Davis’s story is the stuff of a political reporter’s dreams: She was an aspiring Broadway actress who catapulted to Congress after she won her late husband’s House seat. She became a “puppet” of Republicans, Farrow said, and spouts conservative proposals like rounding up illegal immigrants and forcing them to “clean up” the desert.
Farrow says the purpose behind the creation is not just hyping the musical, but also making a political statement, since all of Davis’s proposals are cribbed from real-life conservative policy prescriptions.
“You hear all these horrible things that politicians are suggesting coming out of the mouth of this batty, airheaded actress,” he says.
He hopes to make a TV pilot about Davis, which he imagines along the lines of fast-paced, witty comedies such as “30 Rock” or “Arrested Development.” In it, the congresswoman’s district would encompass both Tribeca and Chinatown, forcing her to deal with competing constituent demands from celebrities and the Chinese mafia.
As for the musical, it’s still getting off the ground…
Advocate for now, Drescher says public office run possible
She sure sounds like a member of Congress.
Fran Drescher, best known as the actress who portrayed “The Nanny” in the sitcom of the same name, has her congressional lingo down pat. She tells us she’s on Capitol Hill today to lobby to get a “UC” (that’s Senate-speak for “unanimous consent”) on legislation promoting early detection of gynecological cancers.
“I think it would be such a positive way to end the 109th,” she says. As in the 109th Congress, natch.
Drescher, a uterine cancer survivor and author of “Cancer Schmancer,” is reluctant to talk about her own political ambitions, although she admits to harboring some.
“It’s an exciting time for women in politics, an exciting frontier that I someday hope to explore,” she says. She’s also coy about what party she would identify with or when she’d consider a run.
On this visit to Washington she wants to focus on her lobbying efforts for S. 1172, a bill aimed at educating healthcare providers about screening for and diagnosing uterine and ovarian cancers.
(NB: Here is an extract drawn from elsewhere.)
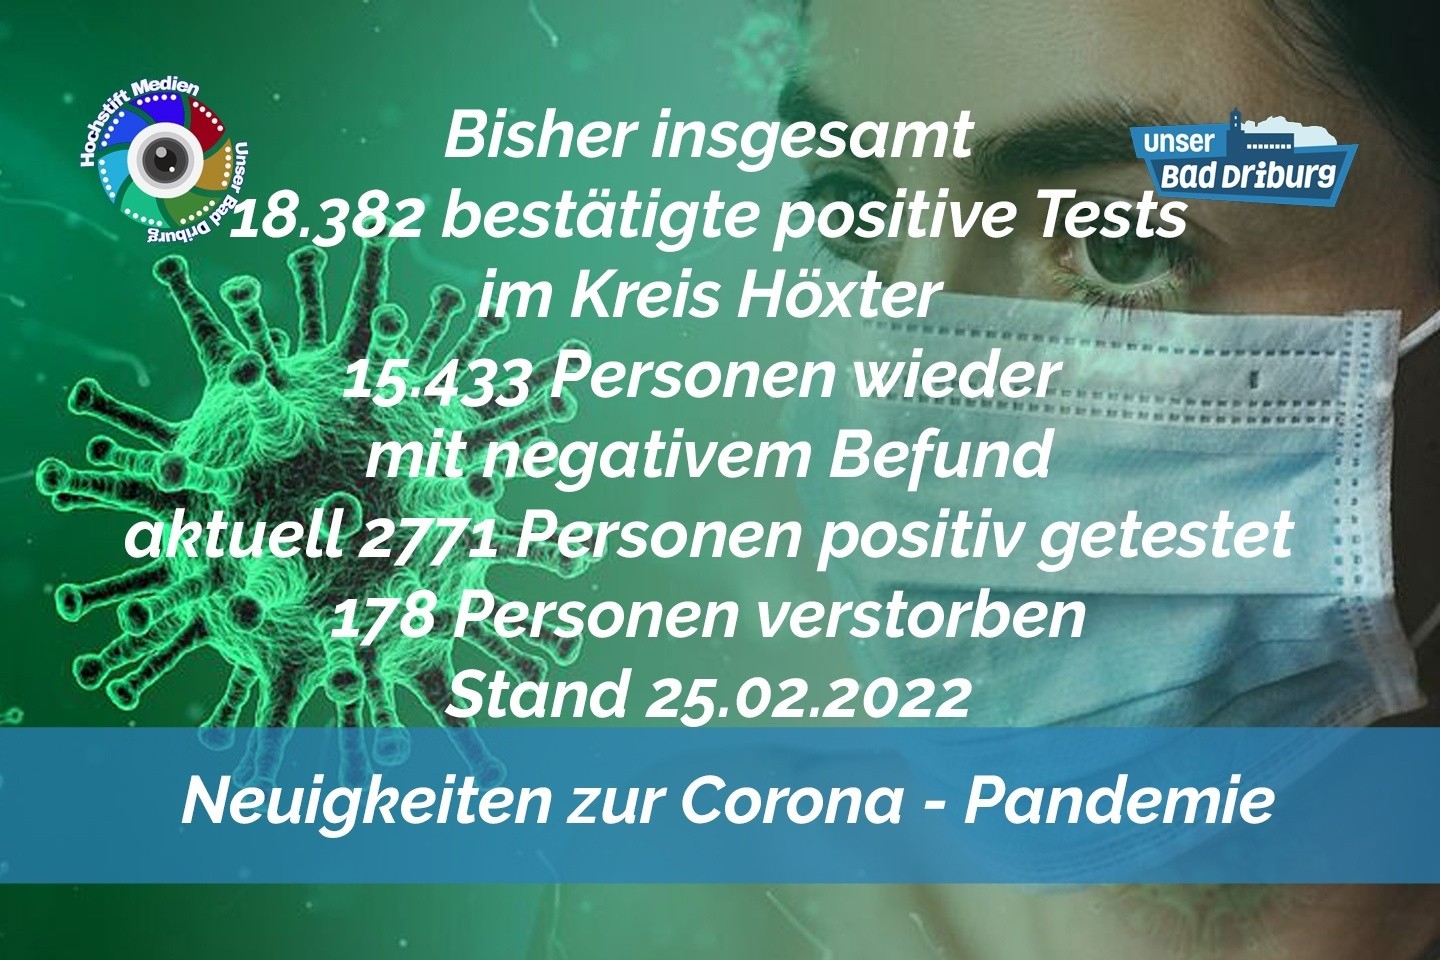 Update 25. Februar 2022: 372 weitere amtlich positive Tests im Kreis Höxter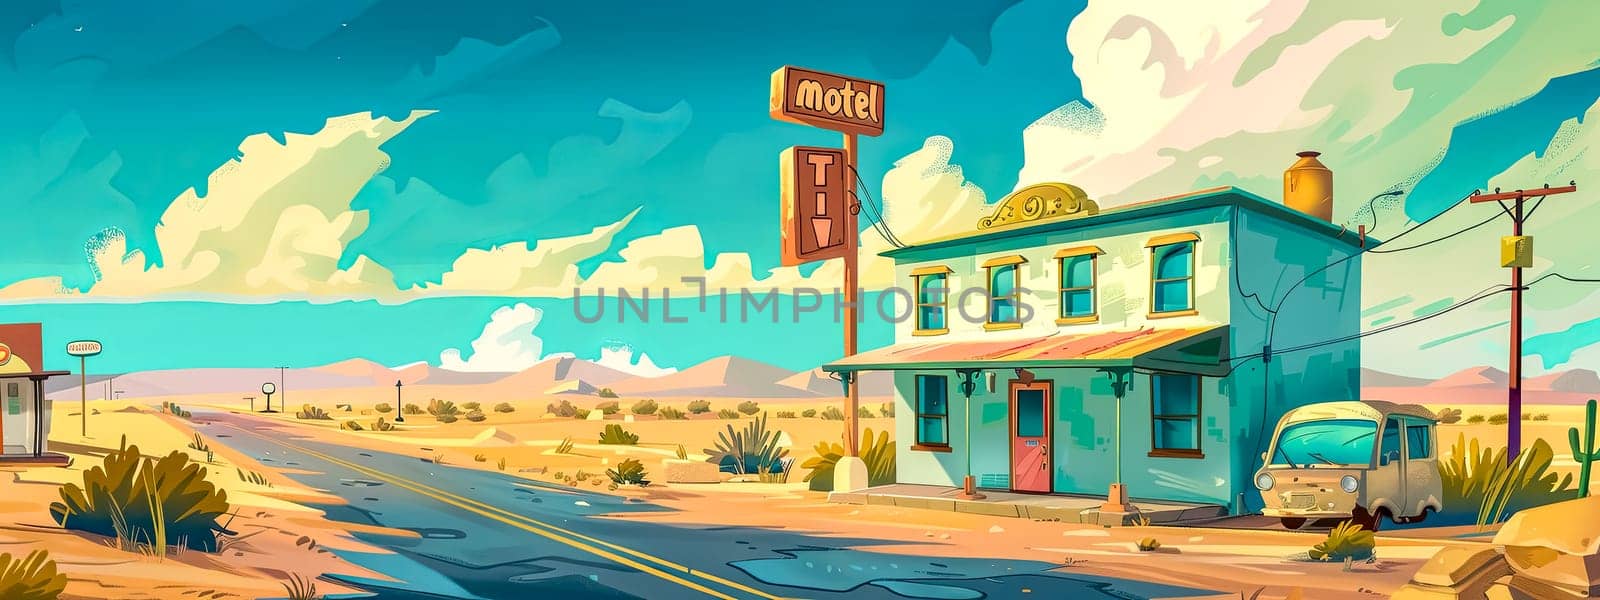 Retro motel on a desert highway by Edophoto

“They are so often misdiagnosed, because the early warning signs are similar to more benign diseases,” Drescher says. And doctors often don’t screen for cancer because doing so is often expensive, she adds.
Drescher is targeting Senate Health, Education, Labor and Pensions Chairman Mike Enzi (R-Wyo.), because his committee has jurisdiction over the bill.
And displaying the savvy of a veteran K Streeter, Drescher has mapped out a way to pass the bill in the last few days of the 109th.
“Maybe we can attach it to something else heading to the floor,” she says.